Fountain Bookstore hosted a historical fiction panel that I was able to listen to with Chanel Cleeton, author of House on Biscayne Bay; Denny S Bryce, author of The Trial of Mrs. Rhinelander; and Eliza Knight, author of Starring Adele Astaire.

This was such a cool panel to listen to, especially when it came to the authors discussing their research. Denny S Bryce said that history guides historical fiction writers into their stories and went onto explain how sometimes they find characters in history that people didn’t even know existed, like a brother or a sister of a famous person. They all also expressed exciting forms of research that one may not think about when it comes to researching the past, like diving into the songs and movies of the historical characters they are working to voice in their books. Bryce talked about how she really enjoyed listening to one of her character’s albums, especially the live versions, to learn the character’s personality by how they interacted with their audience. She also talked about how she and Knight were out one day and came across a few stories about Marilyn Monroe and then found a picture of Monroe with a friend, which made them both want to work together to write a story about the picture they had seen. That story is called Can’t We Be Friends.

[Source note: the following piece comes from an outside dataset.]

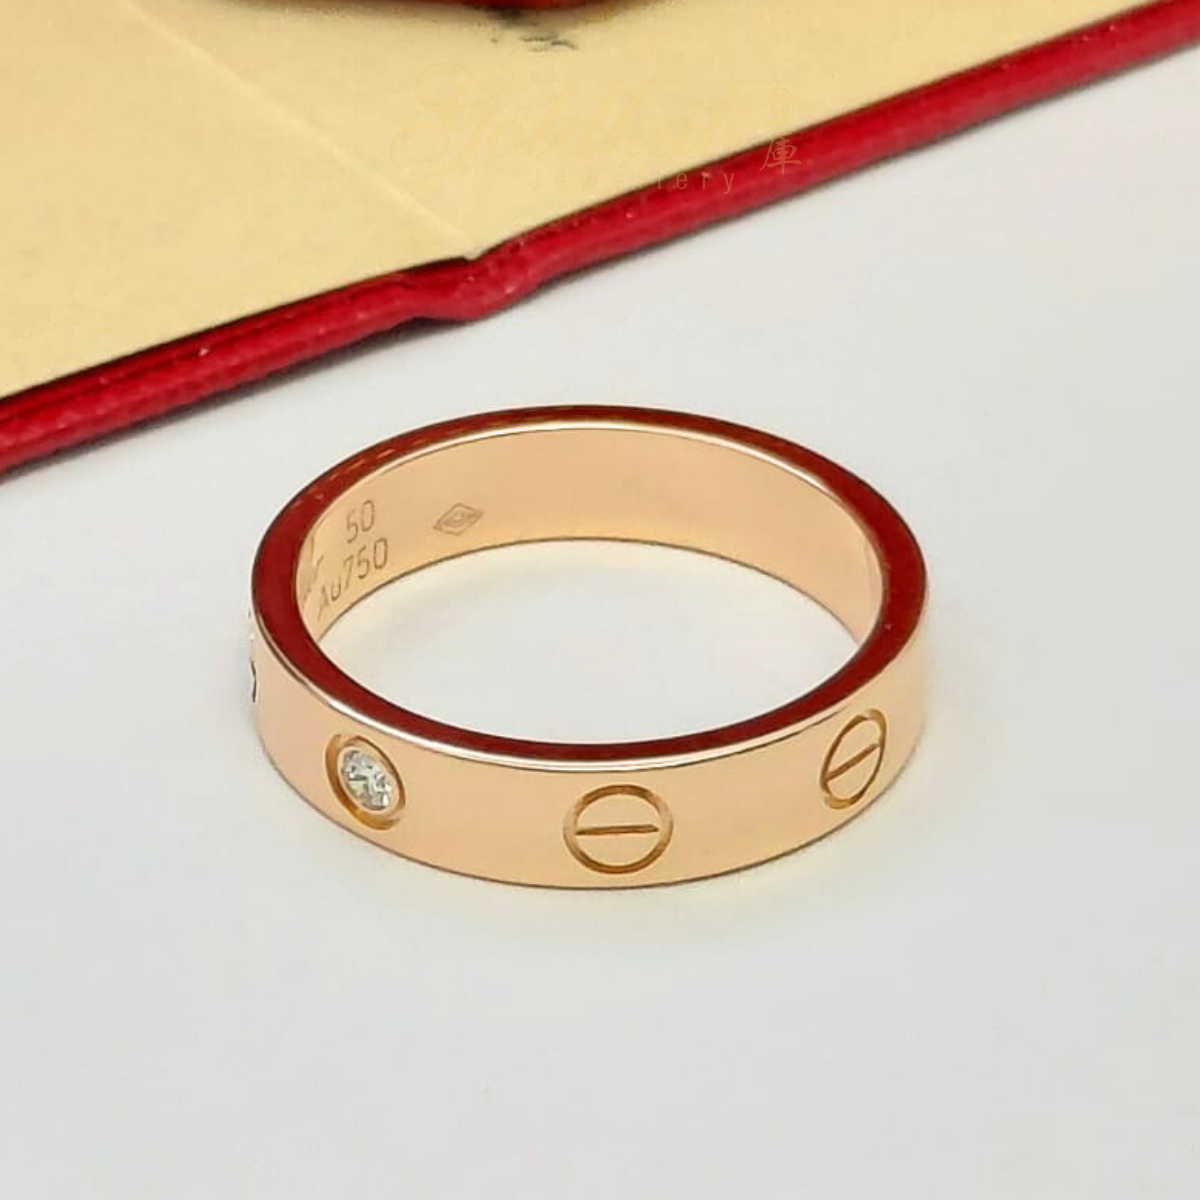 18k Pre-loved Cartier Love Wedding Band, 1 Diamond Ring in Rose Gold

On the topic of Marilyn Monroe, Knight watched all of Monroe’s movies for research. She said through doing that, she could see when Monroe’s acting began to change once she got more training and then again when she started getting into drugs. She was also able to see and understand how one of the films she did for her husband hurt her because she had to relive hurtful past events while being a method actress.

Cleeton talked about her upcoming book House on the Biscayne Bay, a dual-timeline book in which the past and present intersect in a gothic house, and how she had to do research for both of the time periods it is set in. She also explained how hard it is for a historical fiction author not to use modern phrases because the brain sometimes automatically inputs them.

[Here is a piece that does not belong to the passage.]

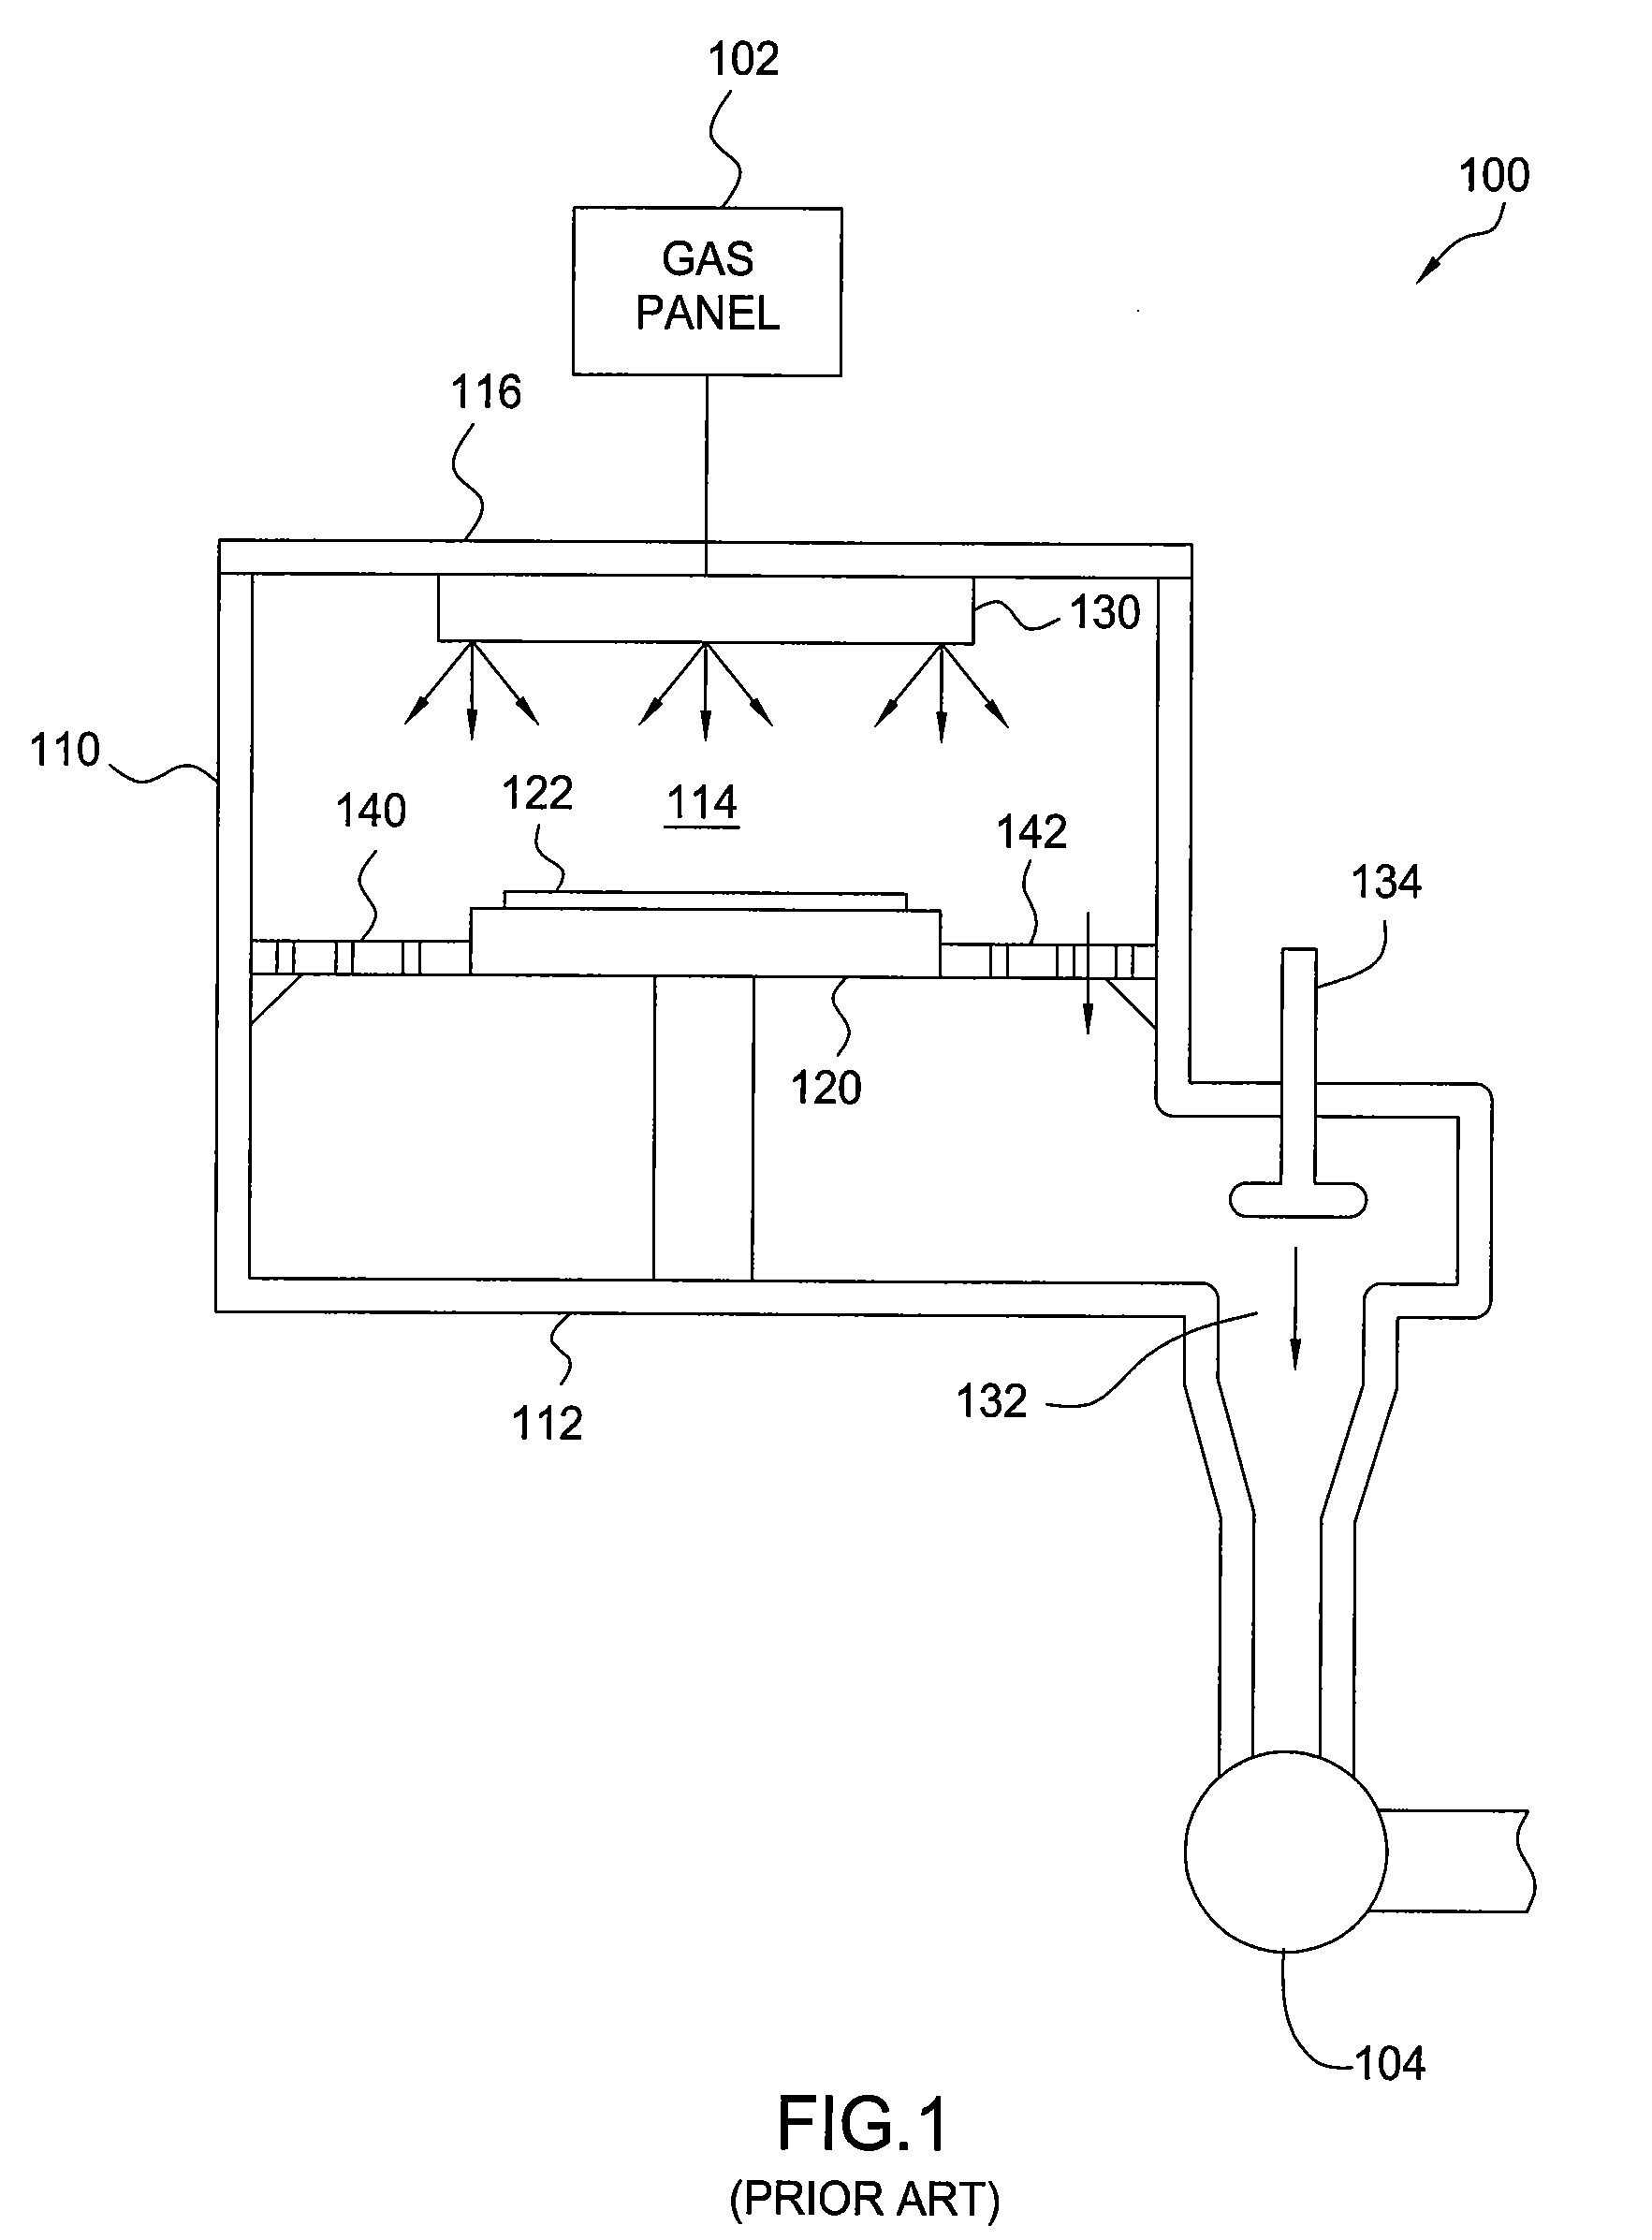 Gas flow equalizer plate suitable for use in a substrate process chamber

A cute and exciting thing that Knight said she learned through research, which she tied into one of her books, was that Queen Elizabeth had a Keeper of the Queen’s Corgis. Because Knight is obsessed with dogs, she dove into writing a story about the queen, the Keeper of the Corgis, and the Corgi herself from the Corgi’s point of view. That book is called The Queen’s Faithful Companion and will be out this year.

It was also very cool to hear how Denny S Bryce had worked toward being a full-time writer, which is her fourth career, and that she loves it. She said that even though it has its bad days sometimes, it is a life she has always wanted. She used to be a professional dancer and through her other careers she wrote fan fiction to relax, now writing her own stories is what she spends most of her time doing.

Thank you, Fountain Books, for organizing this cute and insightful event.